Top shirt can be done by someone who does sublimination printing... I was just looking at a company that does this with crew shirts for professional race teams... looking at a cost of $200 for the initial setup and somewhere in the area of $100 per shirt with 6 shirt minimum. usually done on a button down type shirt. I also know of a sports uniform company that's not 10 minutes from me that may do it in a t shirt. But I can tell you it's probable going to cost more then $25 per shirt and will need at least 1-2 dozen to start. PM me if you want more info or to have me look in to this more.


----------



## Hansca (Feb 5, 2007)

If I were to print the top shirt I would be in the ball park of $50 a shirt. 6 pc minimum. an artwork charge if it was not in original format ie, cdr, psd etc.
Of course the best, costwise, is printing then sewing the shirt. (as long as you are doing a bolts worth of shirts, 100 shirts roughly) .

Hans


----------



## cybe (Oct 15, 2007)

How much does the shirt cost (retail) at wwe?


----------



## queenVee (Aug 16, 2007)

hansca,



> I can print the top one on my Jumbo2, as easily the bottom one, the cost does increase of course.....
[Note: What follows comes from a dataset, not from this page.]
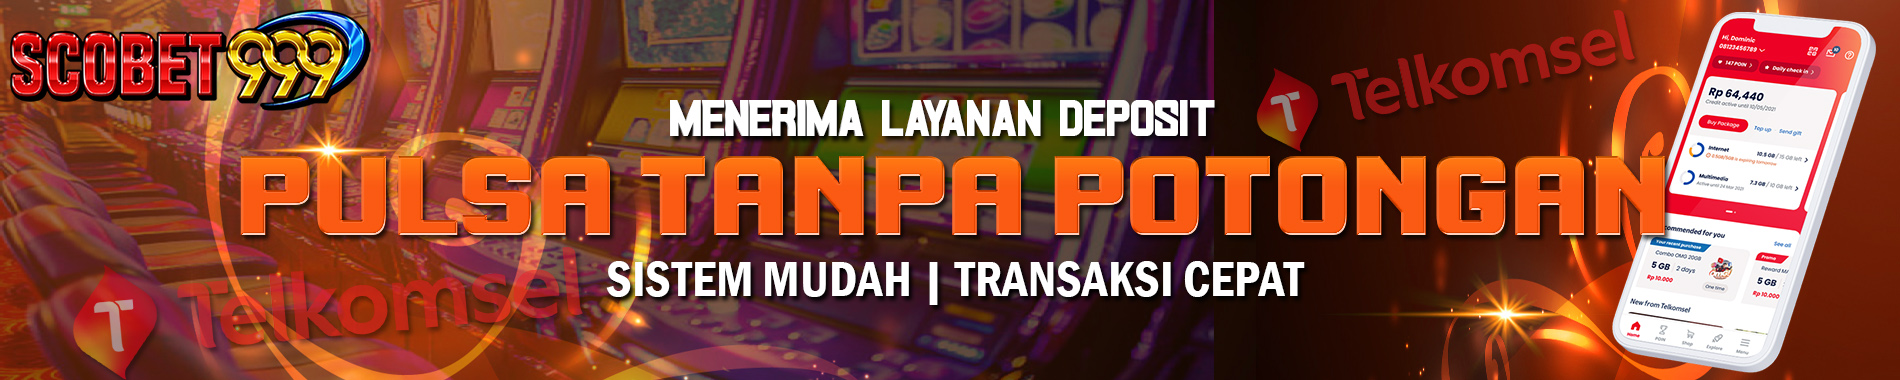 Deposit Pulsa Telkomsel Tanpa Potongan Scobet999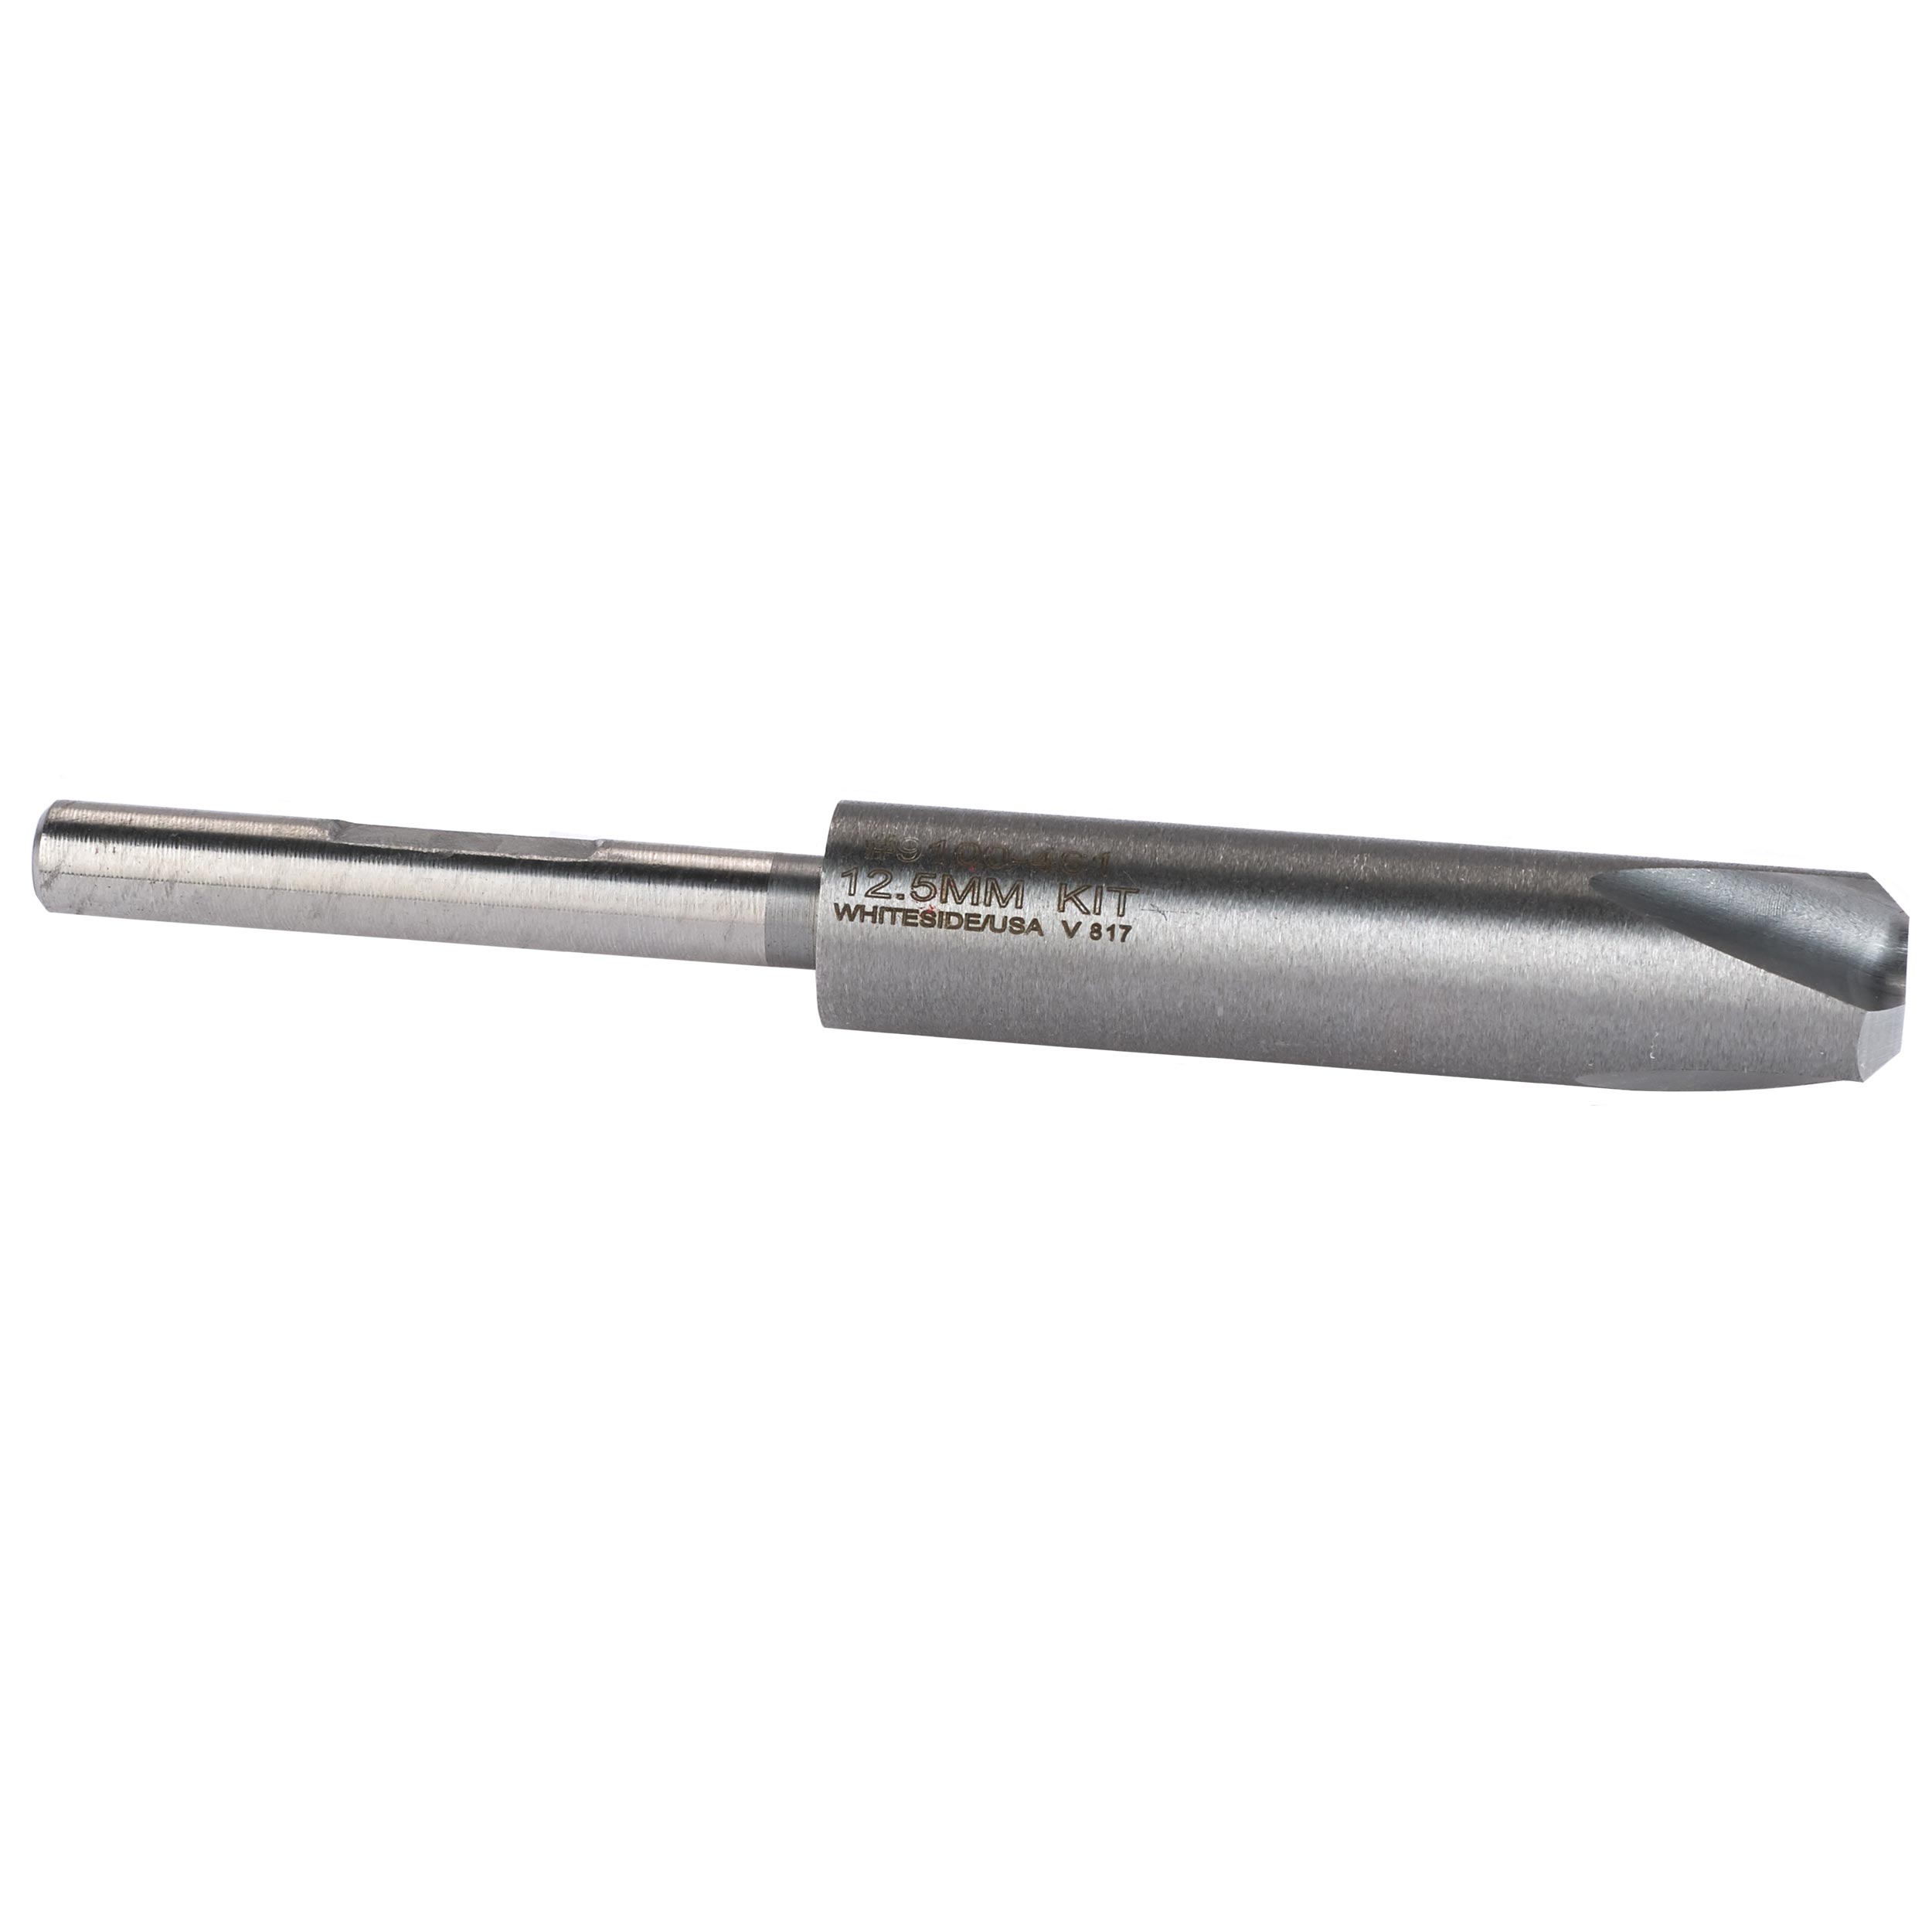 Pen Reamer 12.5mm Pilot Shaft

jumbo 2 is what make again? how long have you had that machine? or does anybody else here have one? How do you like it? how many shirts can u print with full bottles of ink?? any troubles? how long have you had machine?

sorry so many questions I'm doing my research and trying to figure out what make and model is good for me? 
thanks


----------



## Hansca (Feb 5, 2007)

the jumbo2 is us screen, it is not in production anymore, the amount of shirts vary with the size of the print, white shirts versus dark/black shirts. there are not very many of these out there as they are more challenging to operate, but they do have an advantage as I have a bigger footprint I can print. I can have 6 shirts up at a time or 3 jumbo prints at a time.


----------



## queenVee (Aug 16, 2007)

hansca,
have you checked other DTG machines? if so which one compares to yours?


----------



## rangituhaha (Jul 26, 2007)

cybe said:


> How much does the shirt cost (retail) at wwe?


On the wwe website, Thriple H (one with skulls on it) is going for $28.00 USD and the one below was going for $25.00 USD.


----------